This is very interesting.

For age, we see three bands. We saw these bands in our EDA. They basically say, at every age, there is some information you are missing that is causing you to be systematically wrong. But they are also slightly curved in a way that suggests increasing returns just like in our discussion of residuals. Additionally, the errors are not symmetric. For every age, we are more likely to overestimate charges.

We see the same banding for children and the same systematic over estimation.

The most interesting result is for BMI. First, the middle band has an inflection that suggests a non-linearity. Second, there's an abrupt break in the error just over the 600th observation. Additionally, if you connected the those two lines, it suggests that you'd have the opposite inflection as the middle line.

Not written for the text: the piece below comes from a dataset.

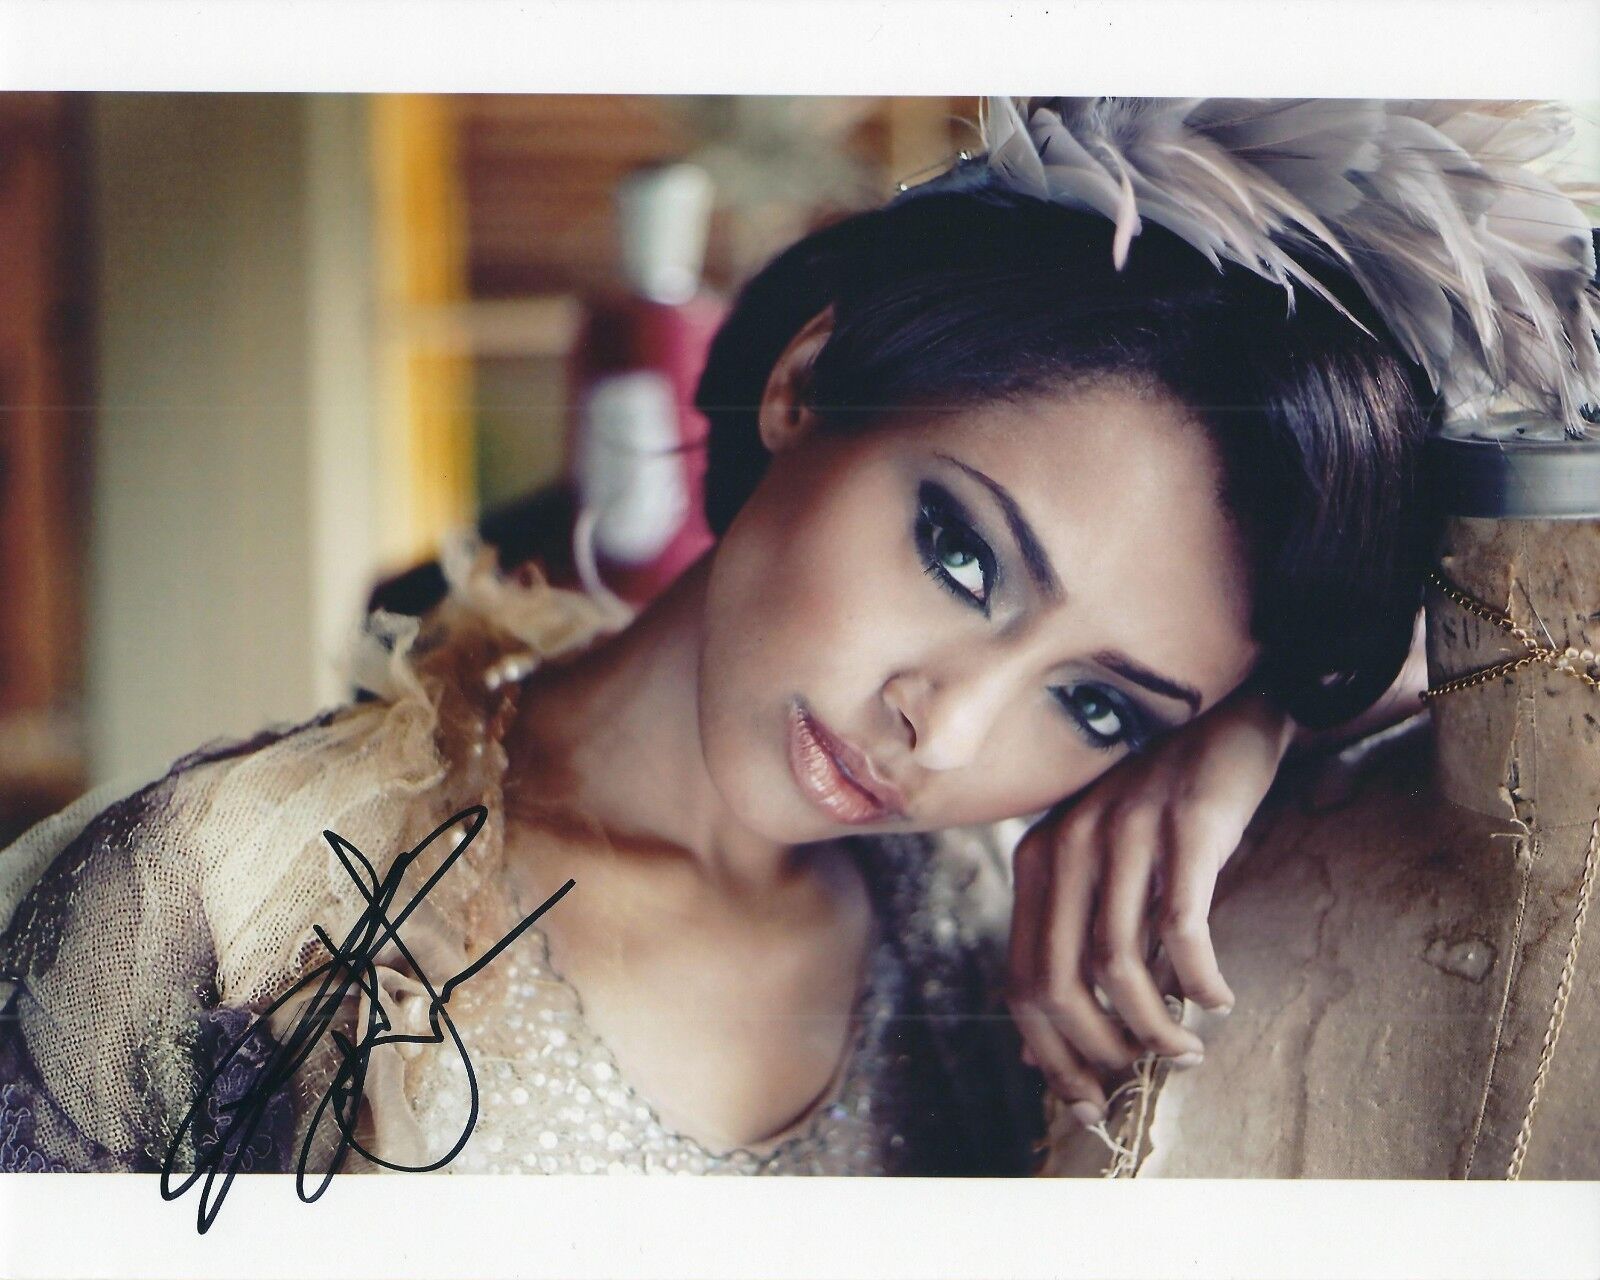 KATERINA GRAHAM GLAMOUR SHOT AUTOGRAPHED Photo Poster painting SIGNED 8X10 #6

We mentioned before that charges is not normally distributed and that this might cause some problems. Let's see if we can address that issue.

In [16]:
insurance["log_charges"] = insurance["charges"].apply(np.log)

Let's see a histogram:

In [17]:
figure = plt.figure(figsize=(20,6))
axes = figure.add_subplot(1,1,1)
axes.hist(insurance.log_charges)
axes.set_title("Log(Charges) Histogram")
plt.show()
plt.close()

That looks better than before. It's not exactly normal but is fairly symmetric. Let's try to use this as our response variable:

In [18]:
model = "log_charges ~ age + male + bmi + smoke_yes + children"
result2 = models.bootstrap_linear_regression(model, data=insurance)
models.describe_bootstrap_lr(result2)
Out[18]:
Linear Regression Results
Coefficients
$\theta$95% BCI
($\beta_0$)7.01(6.88, 7.11)
age ($\beta_1$)0.03(0.03, 0.04)
male ($\beta_2$)-0.08(-0.12, -0.03)
bmi ($\beta_3$)0.01(0.01, 0.01)
smoke_yes ($\beta_4$)1.55(1.50, 1.65)
children ($\beta_5$)0.10(0.09, 0.12)
Metrics
$\sigma$0.45(0.42, 0.48)
$R^2$0.76(0.73, 0.79)
In [19]:
residuals2 = plot_residuals(result2, ["age", "bmi", "children"])

Where did all the bands go? This doesn't look very symmetric either. I think we need to compare the histograms of charges versus residuals:

In [20]:
figure = plt.figure(figsize=(20,6))

axes = figure.add_subplot(2, 2, 1)
axes.hist(insurance.charges)
axes.set_title("Charges Histogram")

axes = figure.add_subplot(2, 2, 2)
axes.hist(residuals1)
axes.set_title("Residuals Histogram")

axes = figure.add_subplot(2, 2, 3)
axes.hist(insurance.log_charges)
axes.set_title("Log(Charges) Histogram")

axes = figure.add_subplot(2, 2, 4)
axes.hist(residuals2)
axes.set_title("Residuals Histogram")

plt.show()
plt.close()    

Interesting indeed. Our errors are much more symmetric with the actual charges variable rather than the transformed charges variable.

This is a key point that is often misunderstood or even misstated: linear regression does not require your variables to be normally distributed. We only expect normally distributed errors (residuals) and then only for gauging the confidence in our estimates. Lacking such normality, we can easily fall back on Bootstrap estimates.

Let's continue with the untransformed charges variable...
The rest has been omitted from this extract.